Jorge Cuadra (left) and Roger Diaz started Taco Hero as a “ghost kitchen” using delivery apps to get food to customers. They have since built a catering clientele and now plan to open a restaurant in Brookfield next month. | Bob Uphues/Editor

Less than a year after opening their “Mexican ghost kitchen” filling delivery orders through smartphone apps and building a catering clientele, Taco Hero owners Roger Diaz and Jorge Cuadra, will soon debut a bricks-and-mortar business in Brookfield.

Diaz told the Landmark in a phone interview last week that he and Cuadra hoped to open the doors to Taco Hero, 8420 Brookfield Ave., in April. The dining room will be open for eat-in and carryout service. The menu is still being finalized.

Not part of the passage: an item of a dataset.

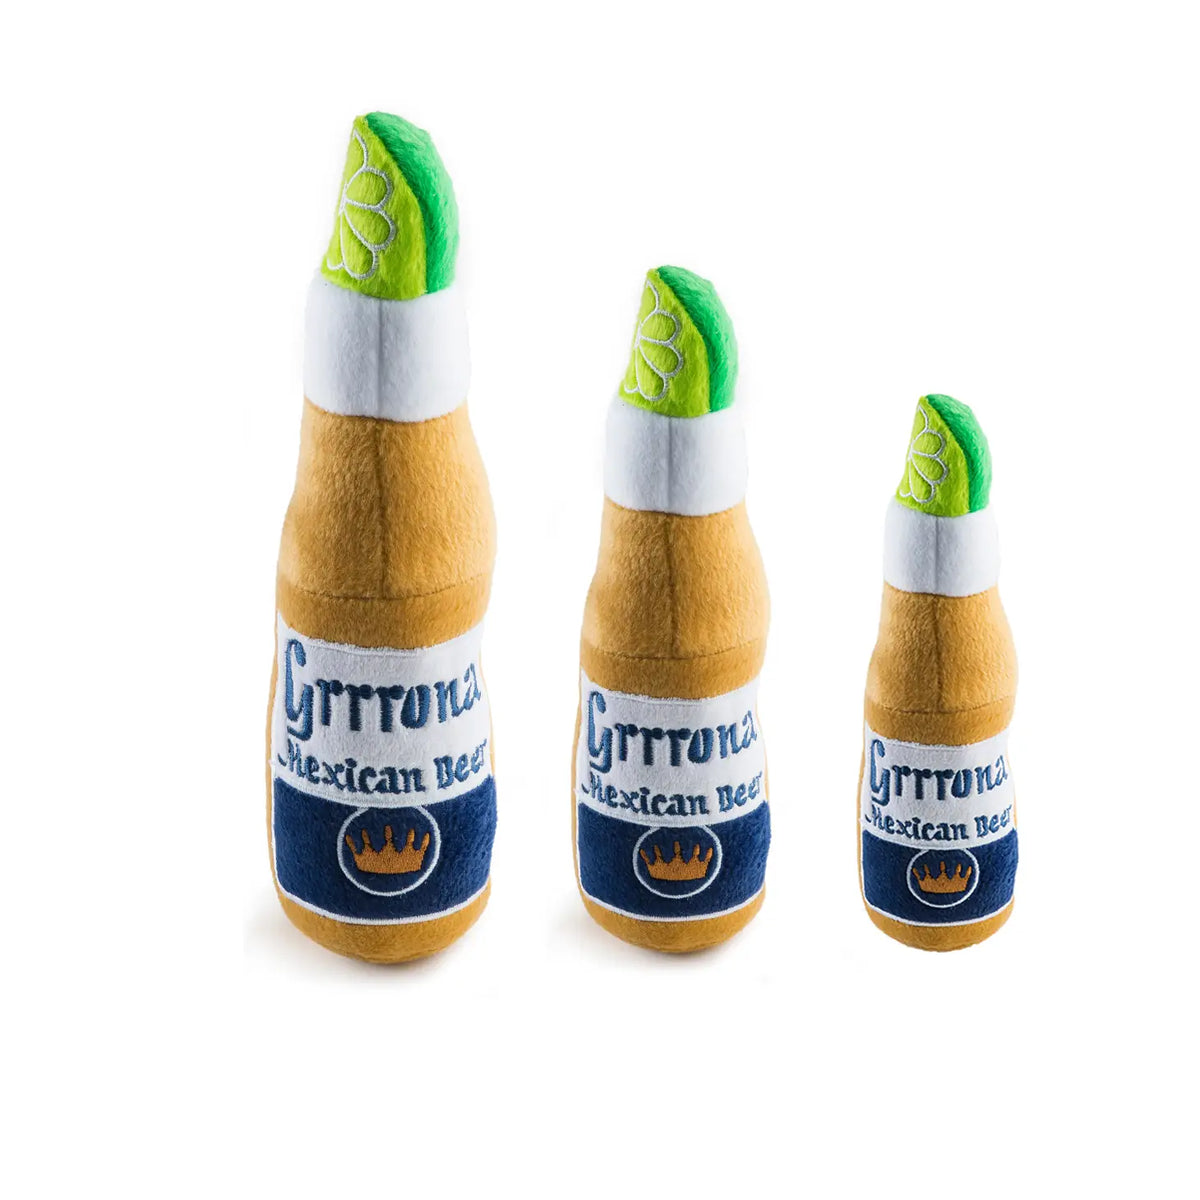 Grrrona Beer Bottle Plush Dog Toy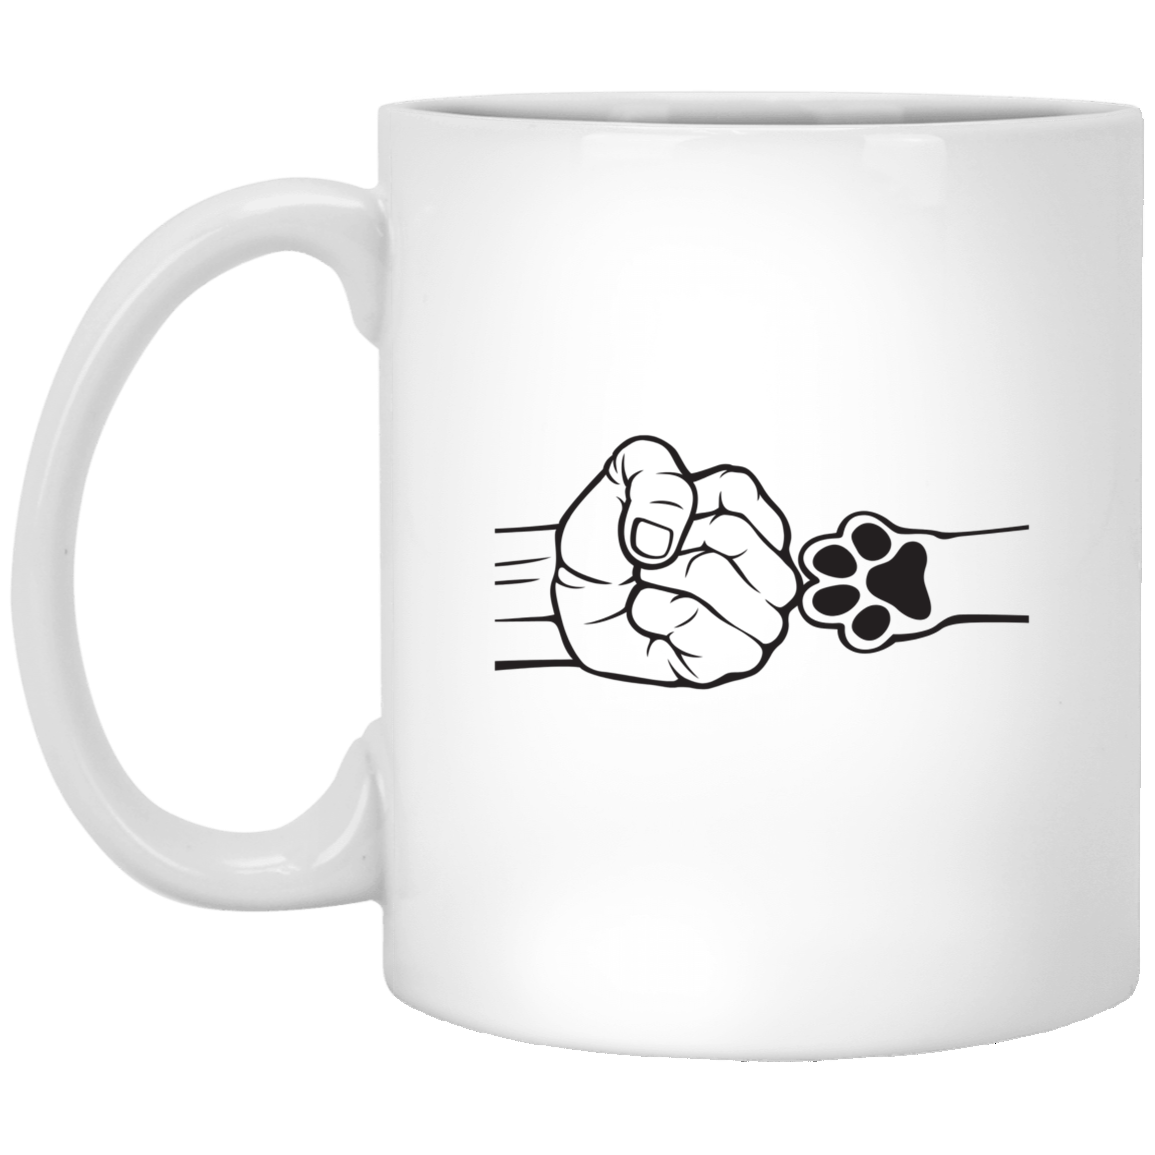 Fist Bump With Pet Mug

Meanwhile, Taco Hero has been operating as a straight catering operation since December after closing up their “ghost kitchen,” a rented commercial kitchen space in Chicago’s Avondale neighborhood, which they rented in July.

Taco Hero offered Mexican fare for delivery through smartphone apps like Grub Hub and Door Dash but steadily started leaning more heavily into catering. Through their website ( there are $12 per person (chicken/pork) or $14 per person (steak/chicken/pork/seafood) catering options for groups of 20 or more.

“The business started at my house,” said Diaz, whose first catering customers were family members looking for Taco Hero to provide food for a graduation party. “The same day, five other catering orders came through and that’s when we decided to open the [commercial] ghost kitchen.”

While Diaz did not have a background in the food service industry – he left his corporate job of 14 years during COVID – but Cuadra did and both shared a love of food.

“He’s been in the restaurant business for 30-plus years,” Diaz said of Cuadra, whose father owned a restaurant for many years in the Archer Heights neighborhood of Chicago. “We just have a passion for cooking and we started putting ideas together.”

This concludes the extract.